For the first time, a plate is missing from the scans of Ackermann’s I’ve downloaded via Archive.org. The September 1813 edition scanned includes plate 19, “Evening costume,” but the page where plate 20, “Promenade Costume,” should be is blank. A victim of the habit of people cutting the plates out of magazines, even those in library collections, and selling them separately? Today such prints can be purchased for between $30 and $60 from rare print dealers online.

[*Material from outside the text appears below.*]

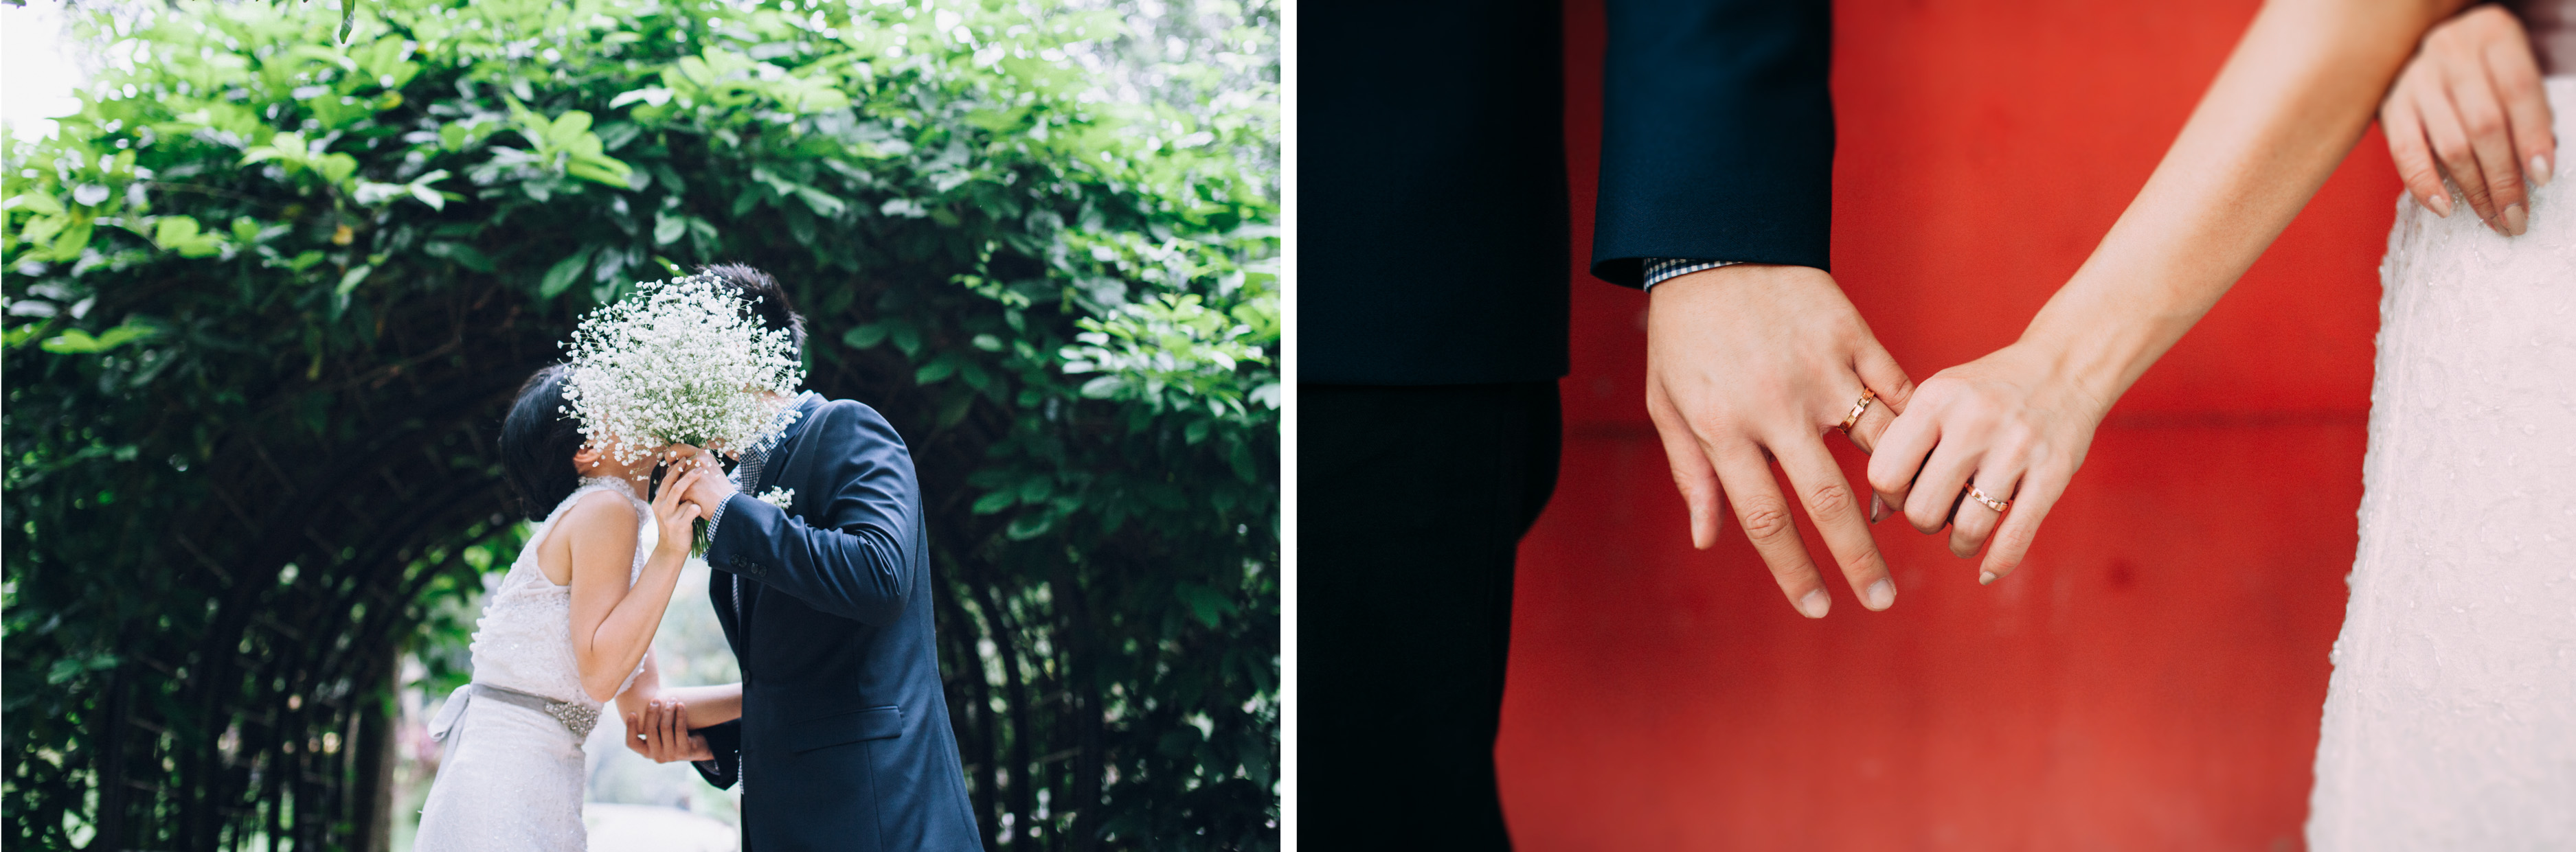 3-hellojanelee-malaysia-wedding-photographer-lake-garden-tinajackson-prewedding

A Pinterest Board titled “1813” includes a (cropped) image of the print in question, so I’ve borrowed a copy from there. Our fashionable lady looks quite comfortable, reading her book with her “large Eastern parasol, with deep Chinese awning,” doesn’t she? I do wish the prints gave us a better idea of the shoes mentioned in the descriptions; I’d like to see if/how the “Roman shoe, or Spanish slipper” differed from a typical English lady’s slipper…

Plate 19, Vol X, no. lvii

Plate 20, Vol. X, no. lvii
The celebration of Wellington’s Vittoria victory continues to be a theme in this month’s fabric sample #3, a “unique and elegant article for ladies’ robes, pelisses, mantles, and scarfs, styled the Vittoria striped gauze.” I wonder what the drapers might have said, if you asked them why it was a “Vittoria” striped gauze?